[Opening Supplied material section]
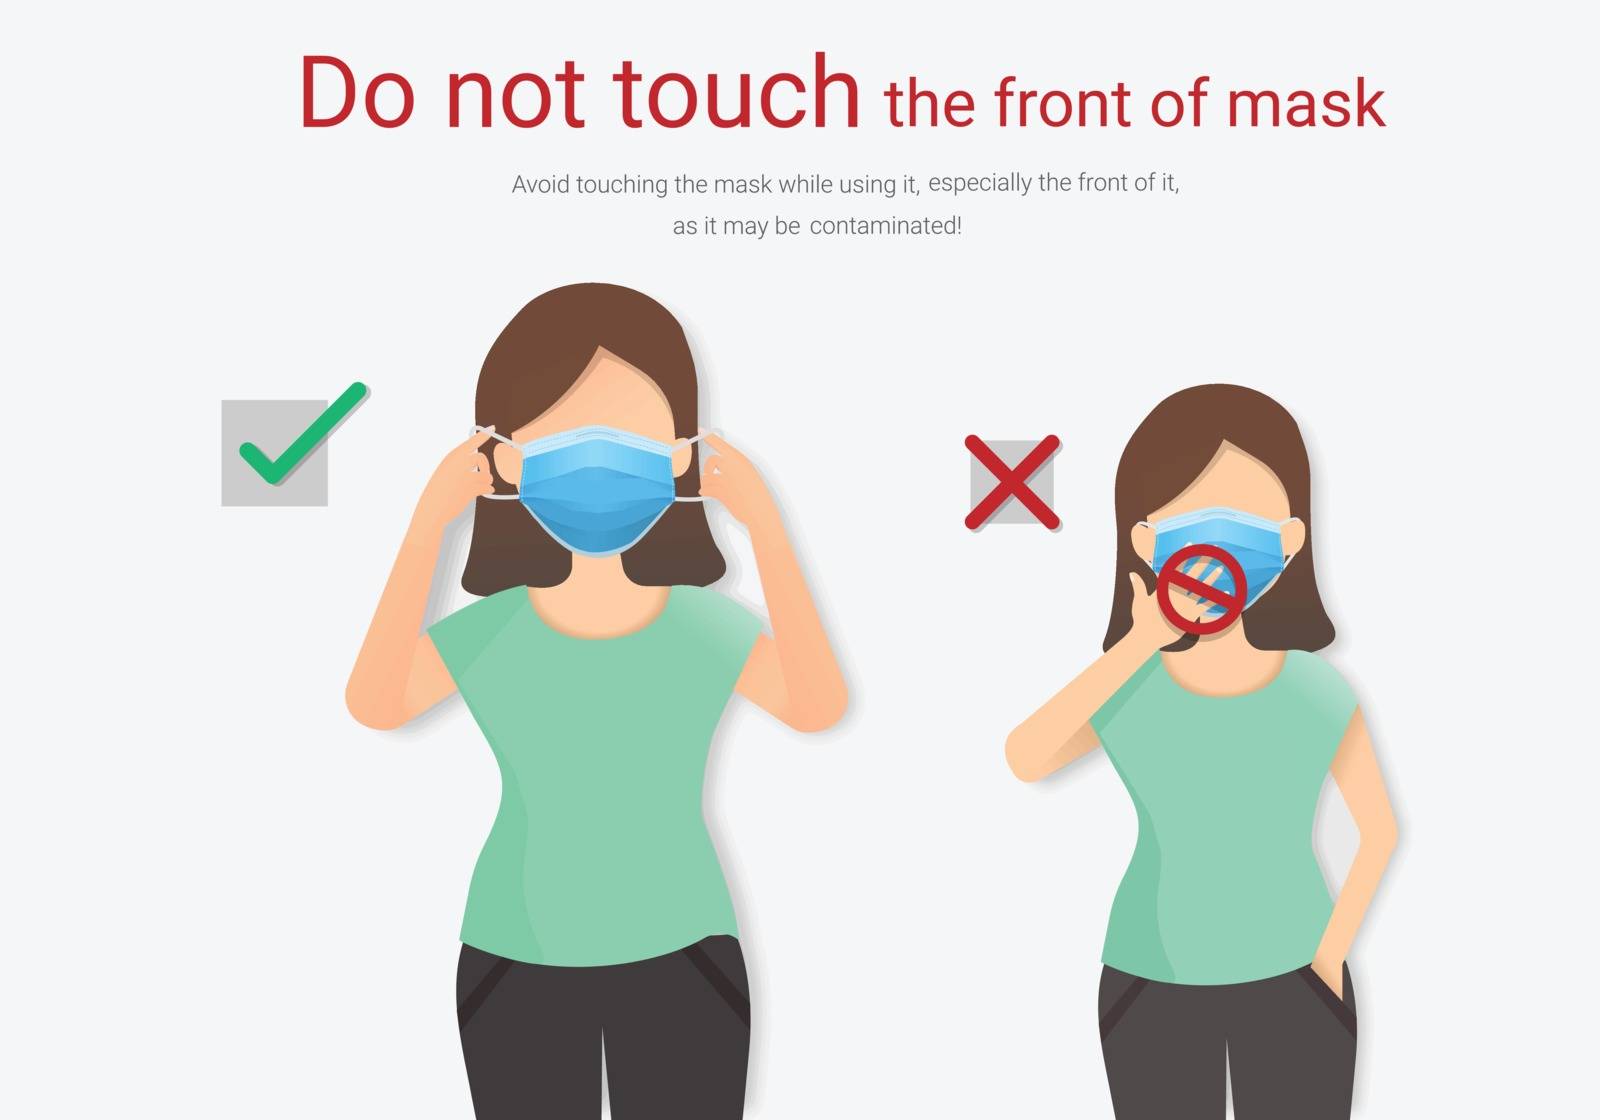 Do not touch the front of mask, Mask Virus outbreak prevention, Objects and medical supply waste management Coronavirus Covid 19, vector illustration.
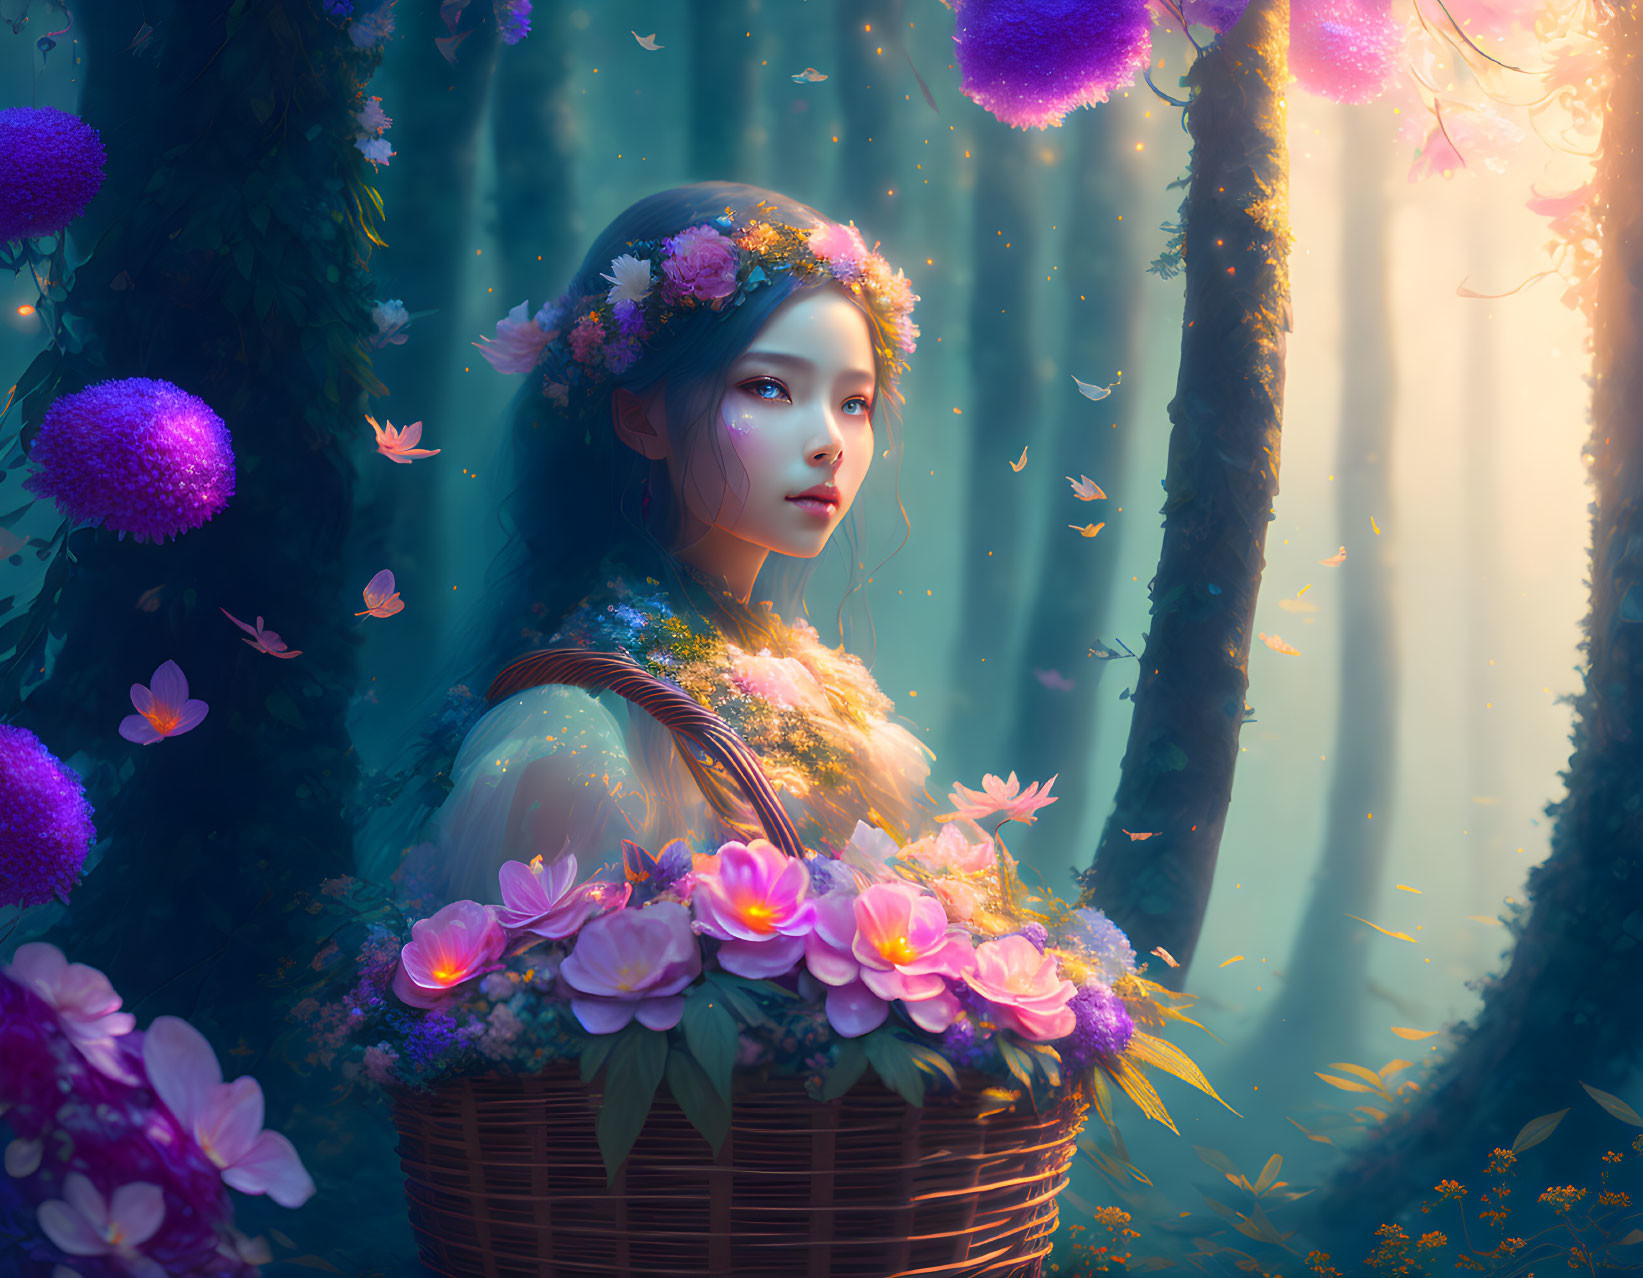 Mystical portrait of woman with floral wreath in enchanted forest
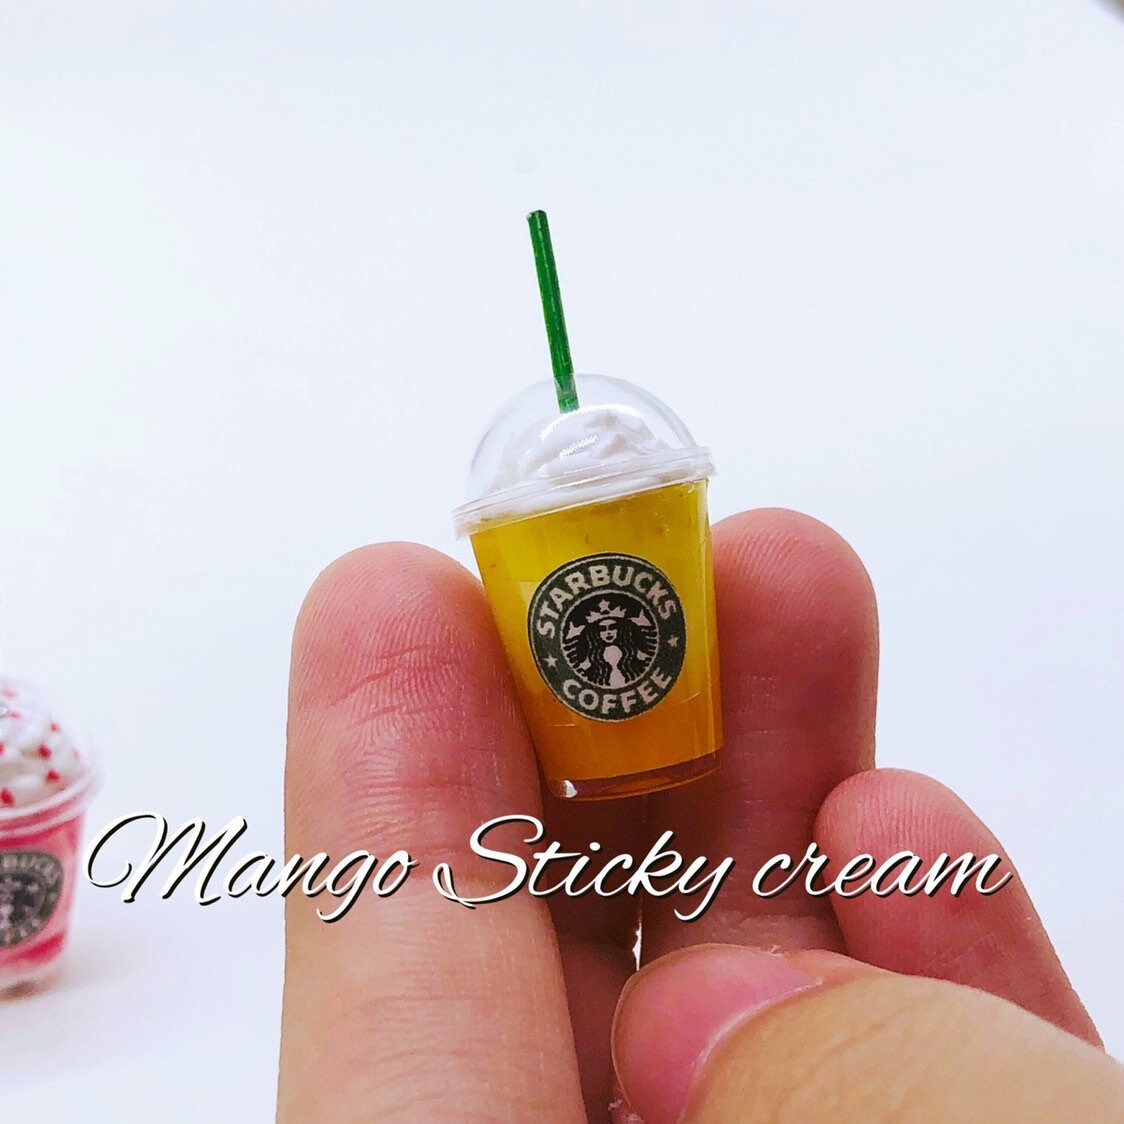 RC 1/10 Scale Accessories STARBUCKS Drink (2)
[Closing Supplied material section]
Please repeat every line of the material above exactly and without its pictures.

Your solution:
 Do not touch the front of mask, Mask Virus outbreak prevention, Objects and medical supply waste management Coronavirus Covid 19, vector illustration.
 Mystical portrait of woman with floral wreath in enchanted forest
 RC 1/10 Scale Accessories STARBUCKS Drink (2)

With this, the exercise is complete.